> **TASK DESCRIPTION**
Each line that has the string "World" must be copied from the records below.

> **SOURCE MATERIAL**
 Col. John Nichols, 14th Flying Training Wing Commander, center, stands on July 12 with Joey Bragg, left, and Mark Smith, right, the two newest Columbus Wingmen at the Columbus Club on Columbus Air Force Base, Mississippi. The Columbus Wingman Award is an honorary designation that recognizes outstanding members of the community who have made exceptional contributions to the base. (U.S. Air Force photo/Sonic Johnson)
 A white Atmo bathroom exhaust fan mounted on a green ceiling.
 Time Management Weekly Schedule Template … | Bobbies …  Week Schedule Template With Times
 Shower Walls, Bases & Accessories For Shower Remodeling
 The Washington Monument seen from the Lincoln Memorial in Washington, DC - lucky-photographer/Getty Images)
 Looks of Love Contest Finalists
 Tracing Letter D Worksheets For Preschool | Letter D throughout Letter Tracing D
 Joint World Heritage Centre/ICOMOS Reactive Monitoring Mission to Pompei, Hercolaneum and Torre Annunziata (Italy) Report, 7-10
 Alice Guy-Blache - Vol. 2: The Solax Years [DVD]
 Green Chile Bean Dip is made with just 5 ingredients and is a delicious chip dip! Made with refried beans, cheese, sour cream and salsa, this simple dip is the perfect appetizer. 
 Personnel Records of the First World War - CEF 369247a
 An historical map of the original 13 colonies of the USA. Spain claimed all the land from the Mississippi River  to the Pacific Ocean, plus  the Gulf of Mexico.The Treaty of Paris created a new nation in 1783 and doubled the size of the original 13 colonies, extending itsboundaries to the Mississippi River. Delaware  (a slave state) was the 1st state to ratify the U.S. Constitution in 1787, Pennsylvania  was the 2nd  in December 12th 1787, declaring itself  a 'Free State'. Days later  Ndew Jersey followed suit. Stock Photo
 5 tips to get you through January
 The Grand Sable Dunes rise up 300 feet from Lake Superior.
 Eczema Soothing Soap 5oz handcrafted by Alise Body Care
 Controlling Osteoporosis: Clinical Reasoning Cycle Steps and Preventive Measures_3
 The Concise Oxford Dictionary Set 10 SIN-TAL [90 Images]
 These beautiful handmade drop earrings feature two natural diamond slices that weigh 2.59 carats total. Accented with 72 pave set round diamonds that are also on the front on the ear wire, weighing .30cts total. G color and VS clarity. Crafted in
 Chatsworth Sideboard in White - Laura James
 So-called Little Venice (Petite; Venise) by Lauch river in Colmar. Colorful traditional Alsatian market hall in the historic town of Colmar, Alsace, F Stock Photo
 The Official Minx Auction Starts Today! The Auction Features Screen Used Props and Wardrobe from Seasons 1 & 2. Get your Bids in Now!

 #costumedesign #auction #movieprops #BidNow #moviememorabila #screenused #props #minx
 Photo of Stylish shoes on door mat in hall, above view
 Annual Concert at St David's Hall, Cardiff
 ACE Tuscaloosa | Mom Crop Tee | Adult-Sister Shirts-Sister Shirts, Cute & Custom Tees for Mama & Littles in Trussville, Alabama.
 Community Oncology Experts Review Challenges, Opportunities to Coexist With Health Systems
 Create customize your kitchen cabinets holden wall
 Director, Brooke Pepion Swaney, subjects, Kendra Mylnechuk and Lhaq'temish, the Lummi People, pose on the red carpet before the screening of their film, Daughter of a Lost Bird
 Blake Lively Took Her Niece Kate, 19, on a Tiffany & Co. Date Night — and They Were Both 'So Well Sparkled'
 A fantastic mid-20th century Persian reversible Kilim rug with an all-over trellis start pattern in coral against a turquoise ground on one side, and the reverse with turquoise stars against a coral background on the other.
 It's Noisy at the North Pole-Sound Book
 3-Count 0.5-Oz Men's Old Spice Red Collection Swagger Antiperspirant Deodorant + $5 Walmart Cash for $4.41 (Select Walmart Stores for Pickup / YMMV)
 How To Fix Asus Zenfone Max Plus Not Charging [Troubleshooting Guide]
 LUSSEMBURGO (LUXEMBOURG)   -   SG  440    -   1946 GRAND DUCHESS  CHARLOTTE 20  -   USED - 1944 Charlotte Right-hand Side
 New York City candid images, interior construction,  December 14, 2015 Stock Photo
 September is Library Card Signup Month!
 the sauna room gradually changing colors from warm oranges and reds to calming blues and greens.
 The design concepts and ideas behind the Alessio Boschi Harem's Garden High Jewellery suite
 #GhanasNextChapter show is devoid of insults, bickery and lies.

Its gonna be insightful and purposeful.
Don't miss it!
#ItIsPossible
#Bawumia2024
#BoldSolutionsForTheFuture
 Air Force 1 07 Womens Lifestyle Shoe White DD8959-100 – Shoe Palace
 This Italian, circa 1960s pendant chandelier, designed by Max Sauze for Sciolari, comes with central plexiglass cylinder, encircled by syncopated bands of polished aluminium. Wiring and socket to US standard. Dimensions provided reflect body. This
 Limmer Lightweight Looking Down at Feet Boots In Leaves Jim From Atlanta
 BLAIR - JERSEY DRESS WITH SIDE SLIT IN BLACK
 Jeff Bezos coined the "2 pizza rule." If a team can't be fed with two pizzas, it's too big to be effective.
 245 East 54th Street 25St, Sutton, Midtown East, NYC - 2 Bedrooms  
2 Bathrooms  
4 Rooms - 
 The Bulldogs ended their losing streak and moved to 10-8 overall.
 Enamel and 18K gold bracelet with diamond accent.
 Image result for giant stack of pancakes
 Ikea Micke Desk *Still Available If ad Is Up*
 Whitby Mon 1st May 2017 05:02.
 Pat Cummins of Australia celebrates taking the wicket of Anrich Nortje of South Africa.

> **WRITTEN ANSWER**
 Joint World Heritage Centre/ICOMOS Reactive Monitoring Mission to Pompei, Hercolaneum and Torre Annunziata (Italy) Report, 7-10
 Personnel Records of the First World War - CEF 369247a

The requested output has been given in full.